DIRECTIONS.
Give back every line of the data exactly. Pictures are not part of the copy.
:: SOURCE MATERIAL
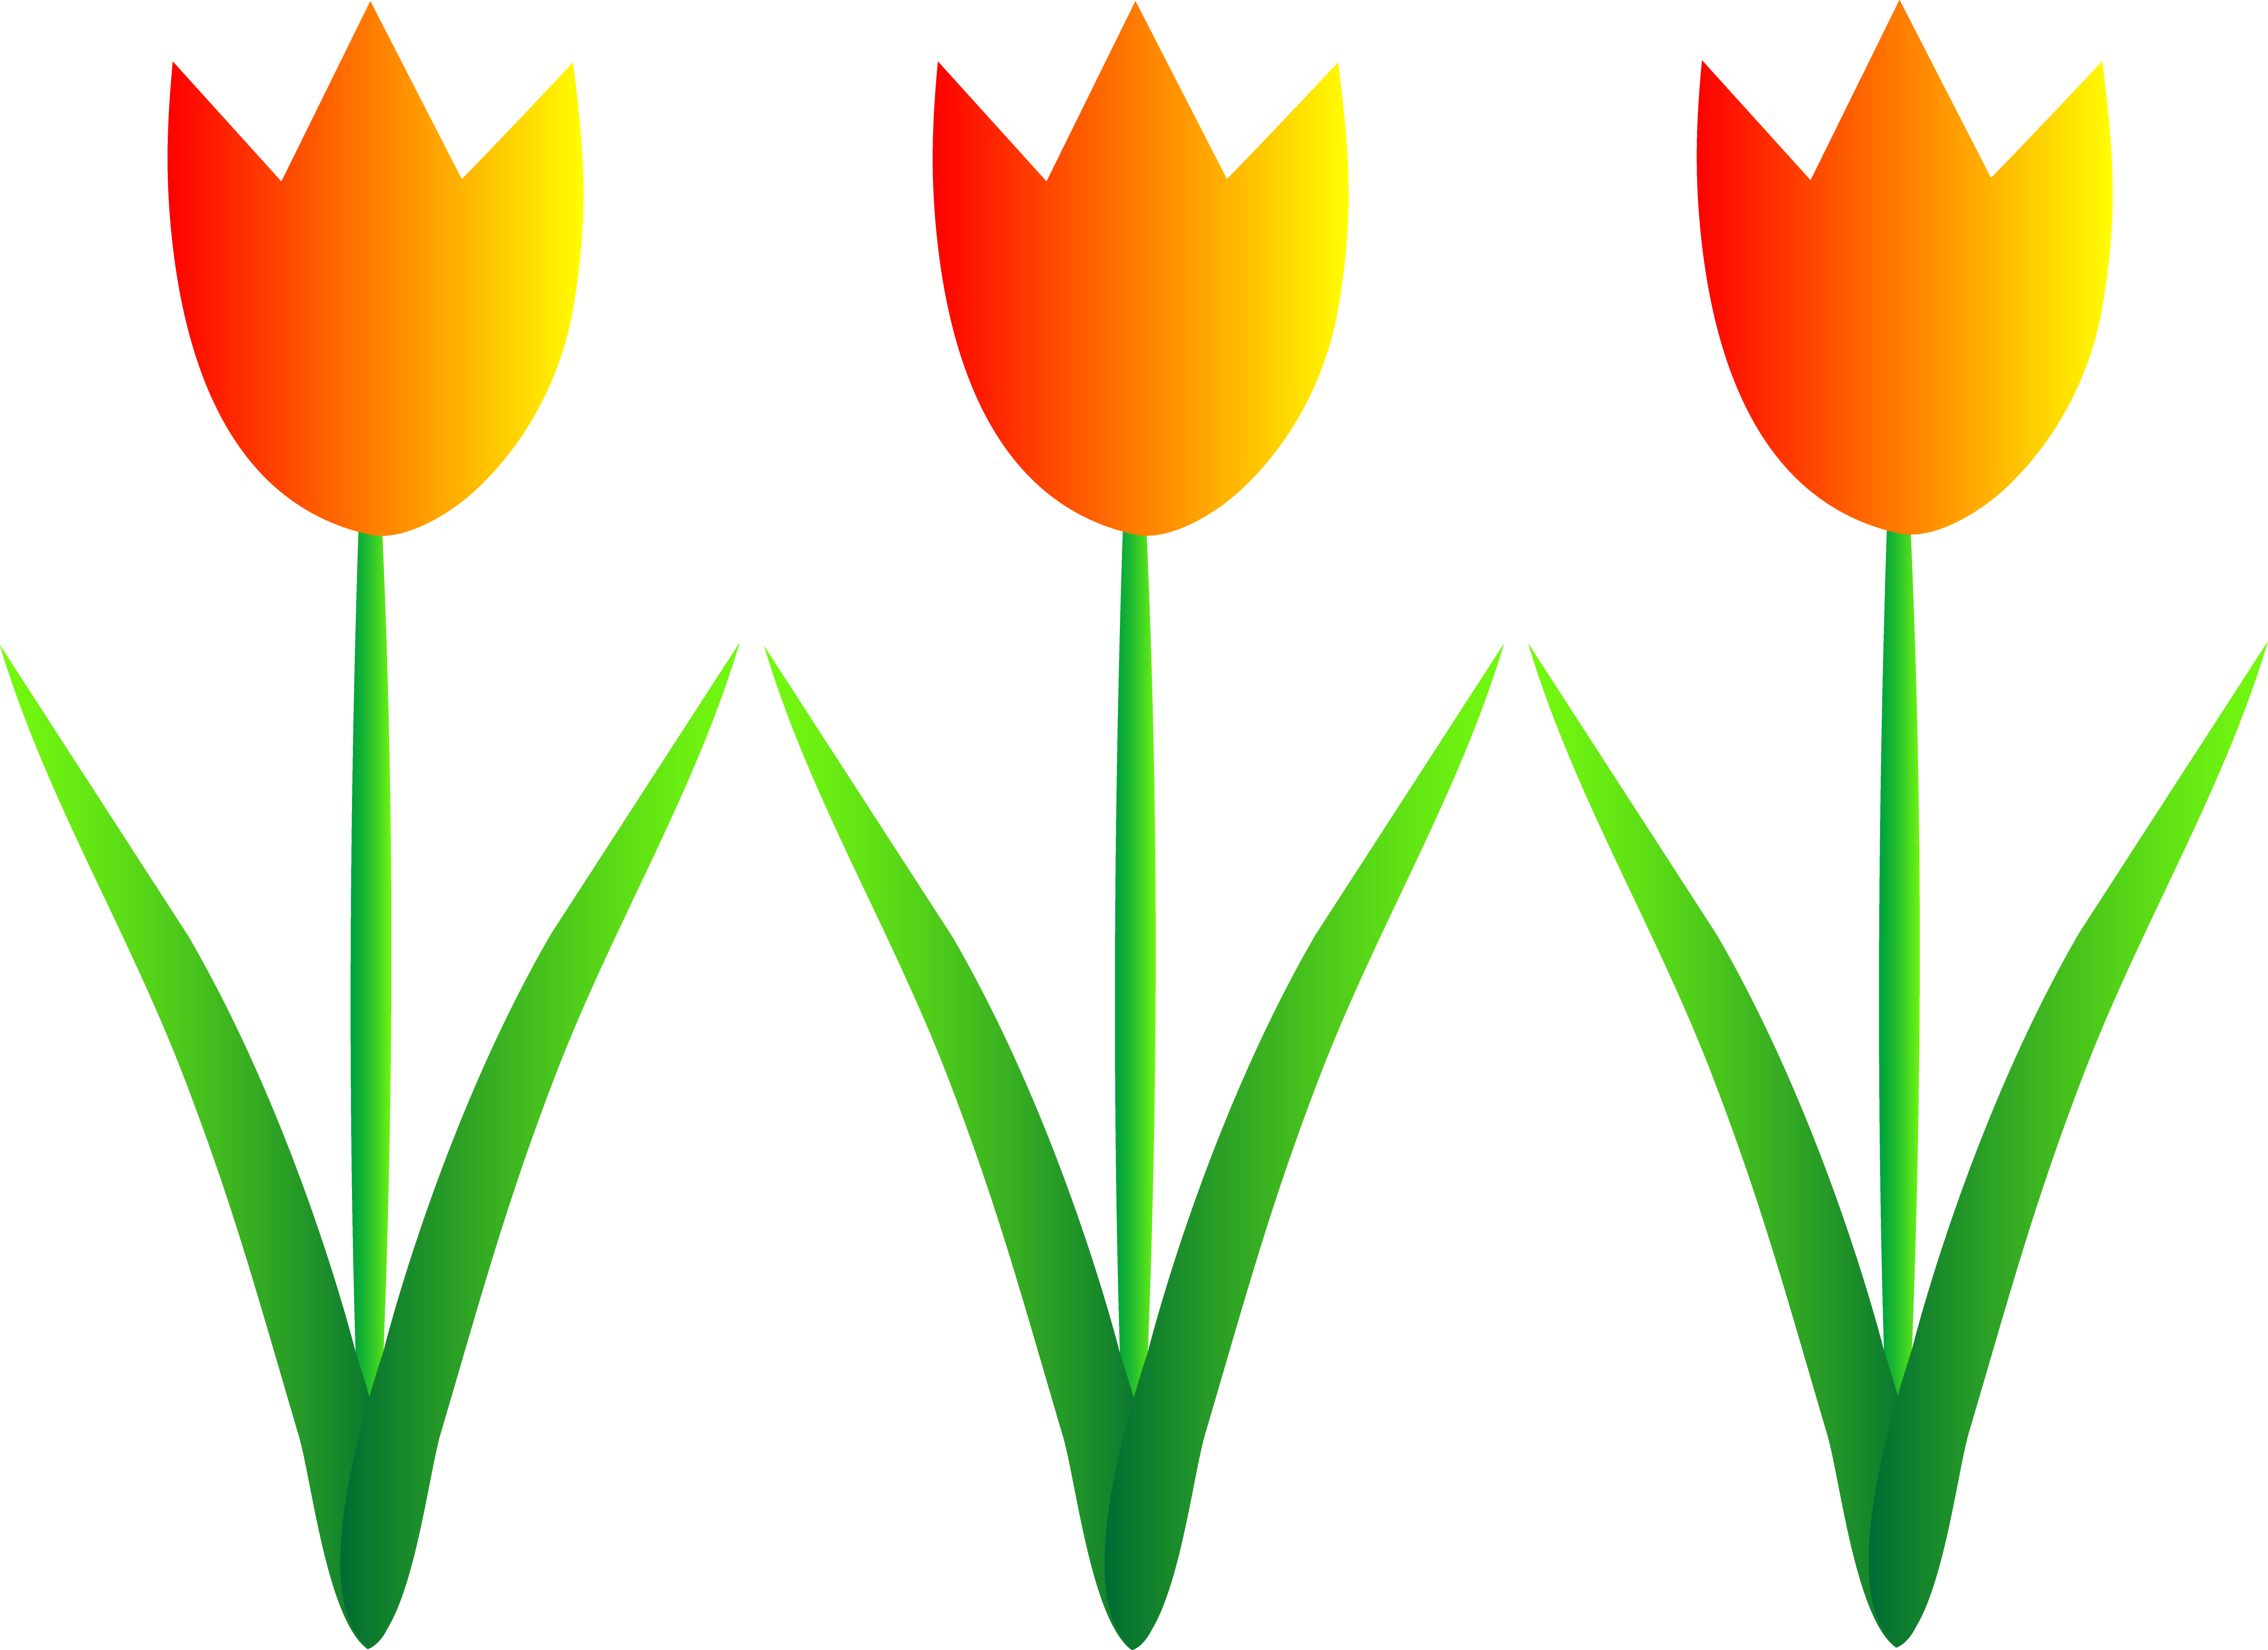 Three Colorful Spring Tulips Free Clip Art Downloads Images ...
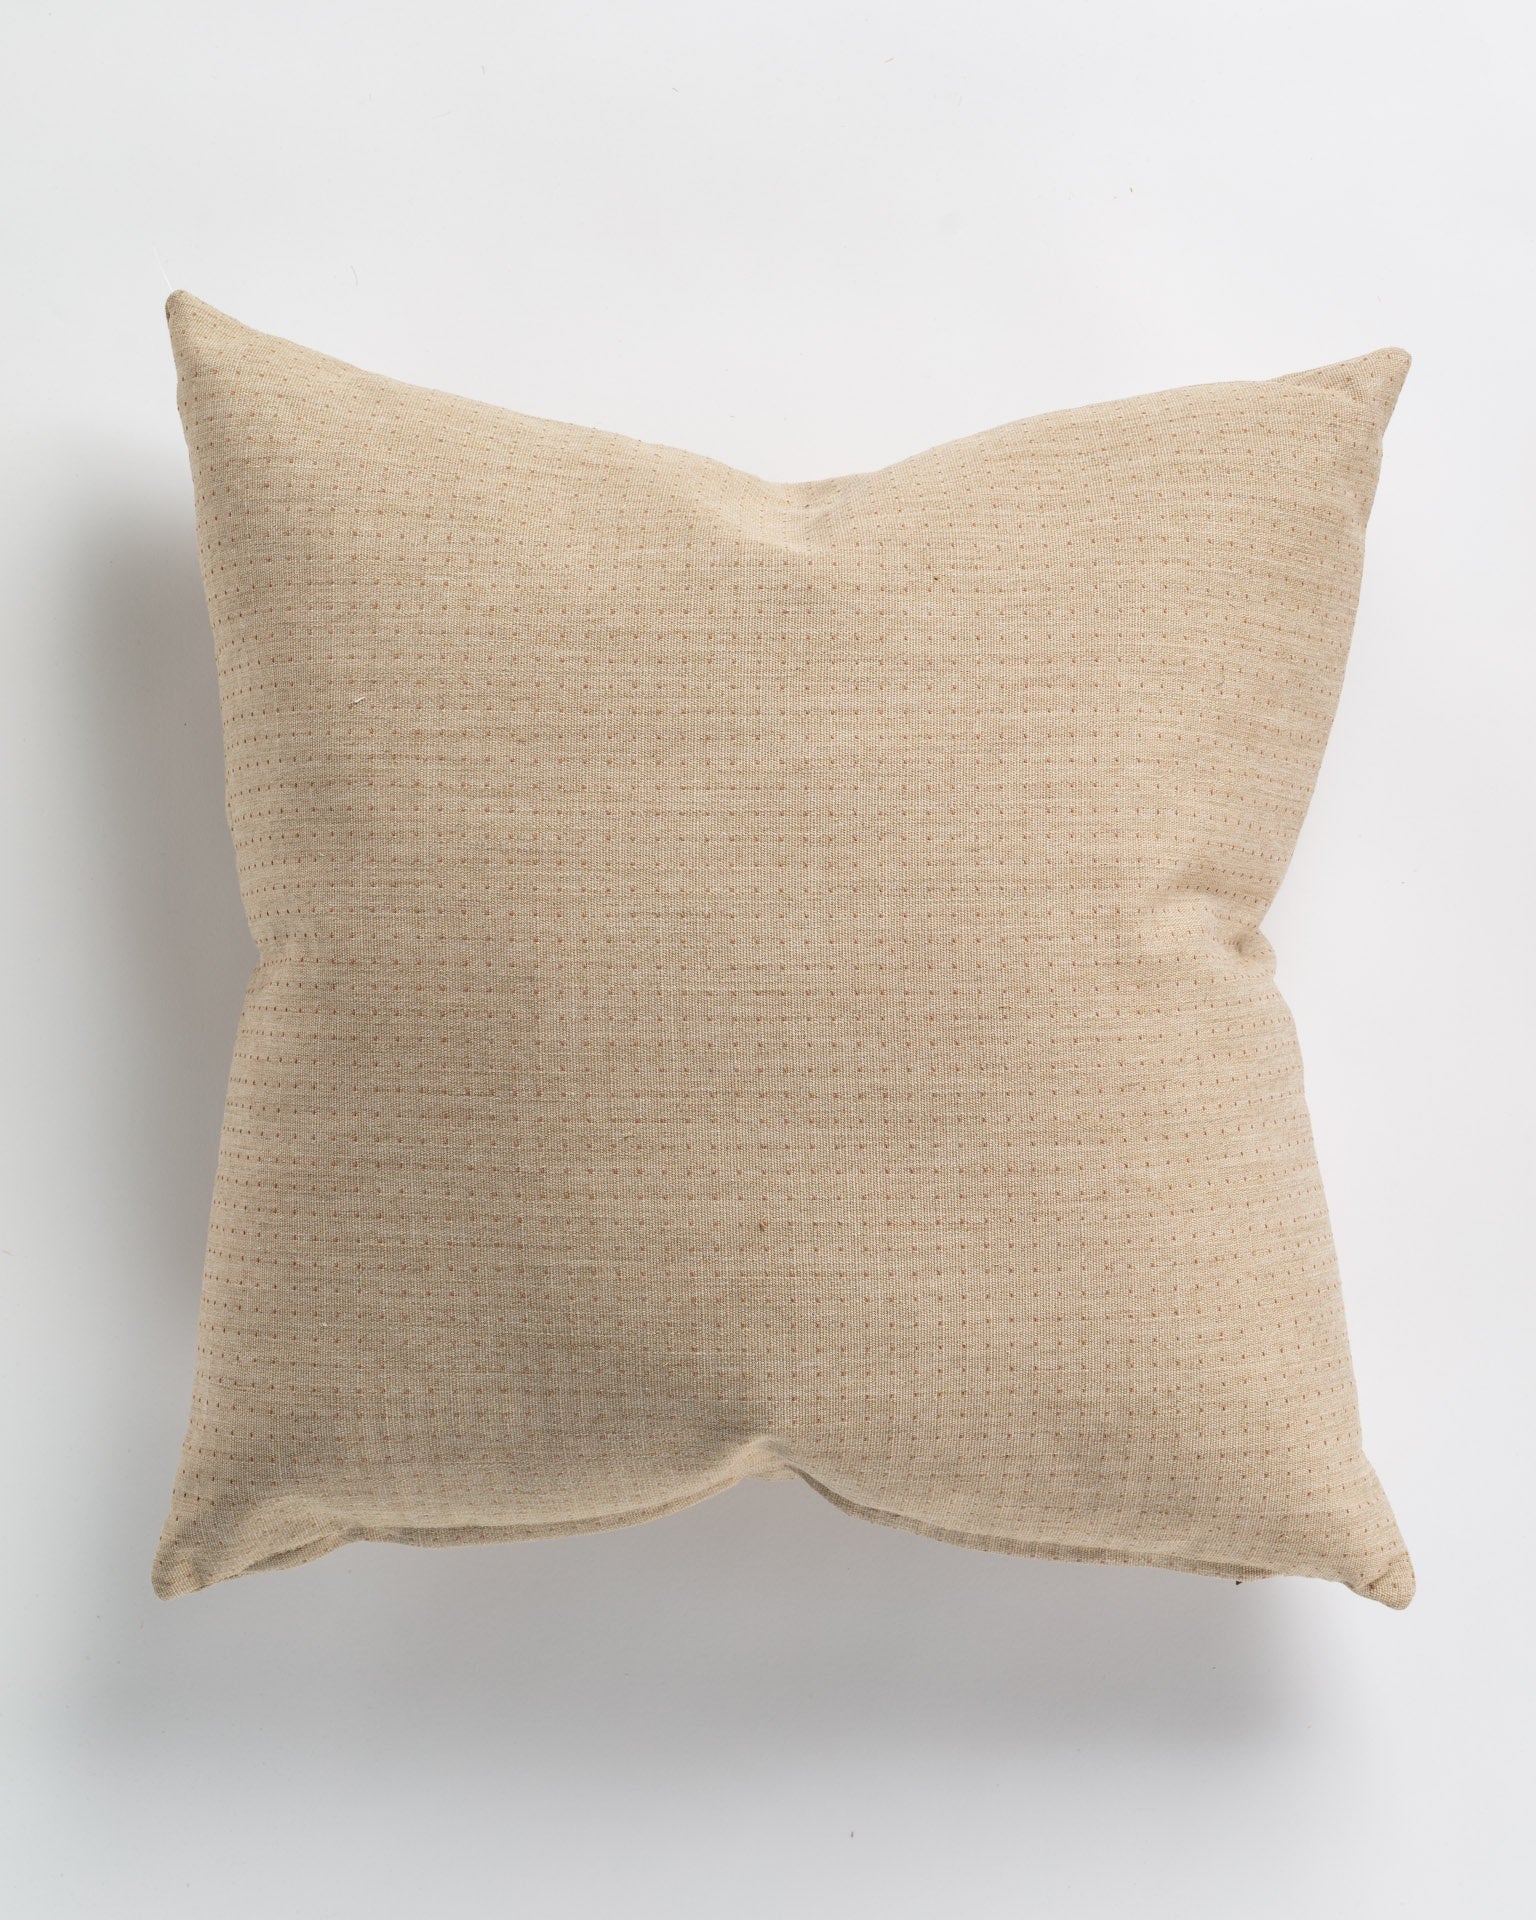 A square beige cushion with a subtle textured pattern is shown on a plain white background. The 26x26" Happy Dot Blush Pillow appears soft and plush with a clean, simple design, perfect as a Gabby accent piece.
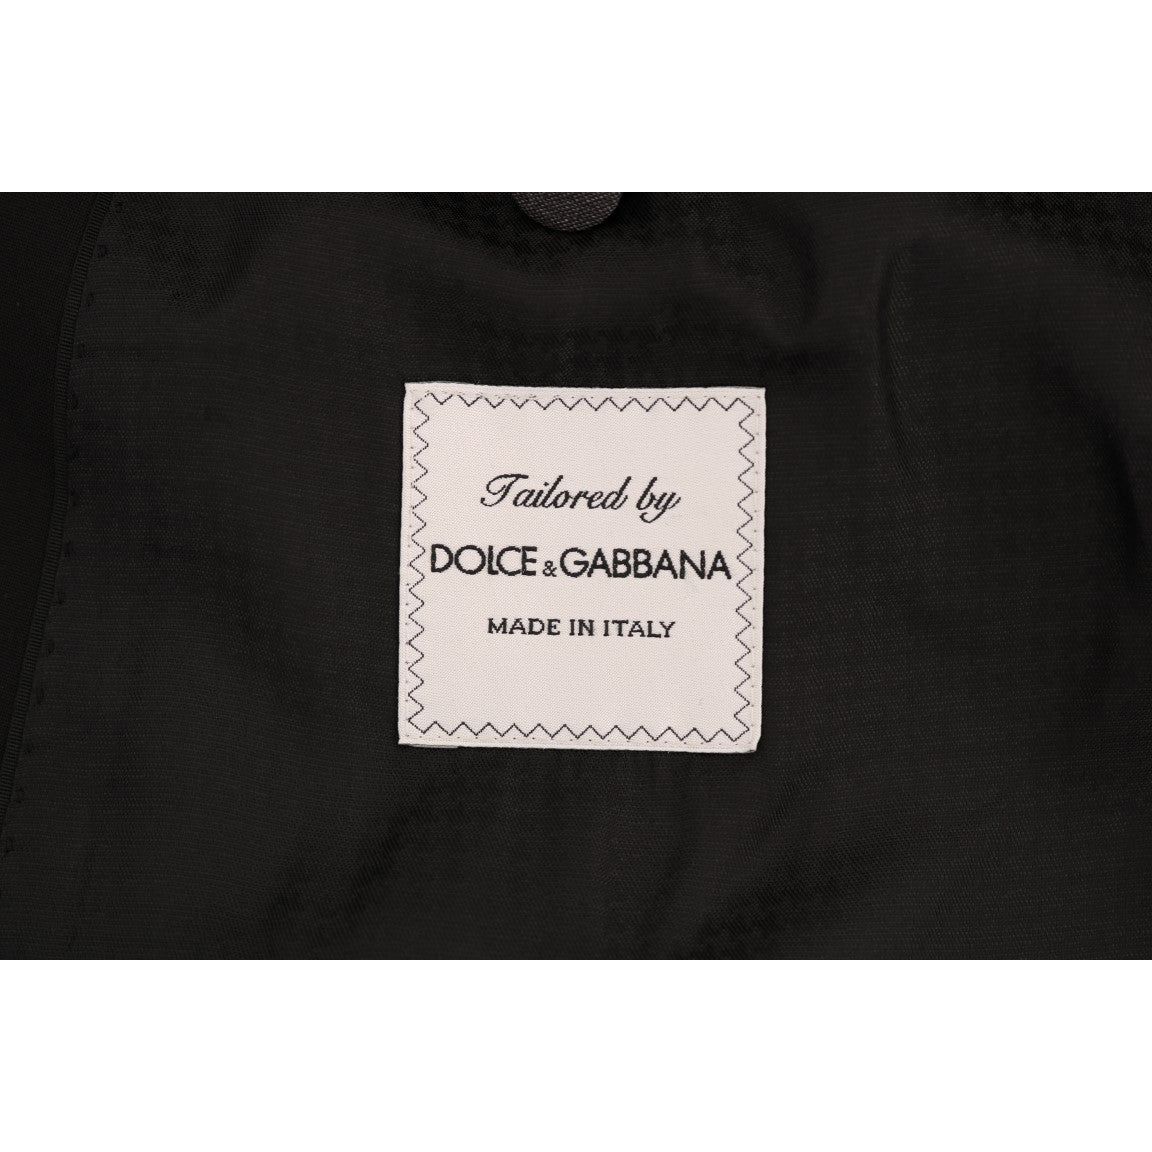 Dolce & Gabbana Elegant Black Double Breasted Wool Suit black-wool-stretch-3-piece-two-button-suit Suit 460902-black-wool-stretch-3-piece-two-button-suit-10.jpg
::::
ANSWER FOR THE TASK.
 Three Colorful Spring Tulips Free Clip Art Downloads Images ...
 A square beige cushion with a subtle textured pattern is shown on a plain white background. The 26x26" Happy Dot Blush Pillow appears soft and plush with a clean, simple design, perfect as a Gabby accent piece.
 Dolce & Gabbana Elegant Black Double Breasted Wool Suit black-wool-stretch-3-piece-two-button-suit Suit 460902-black-wool-stretch-3-piece-two-button-suit-10.jpg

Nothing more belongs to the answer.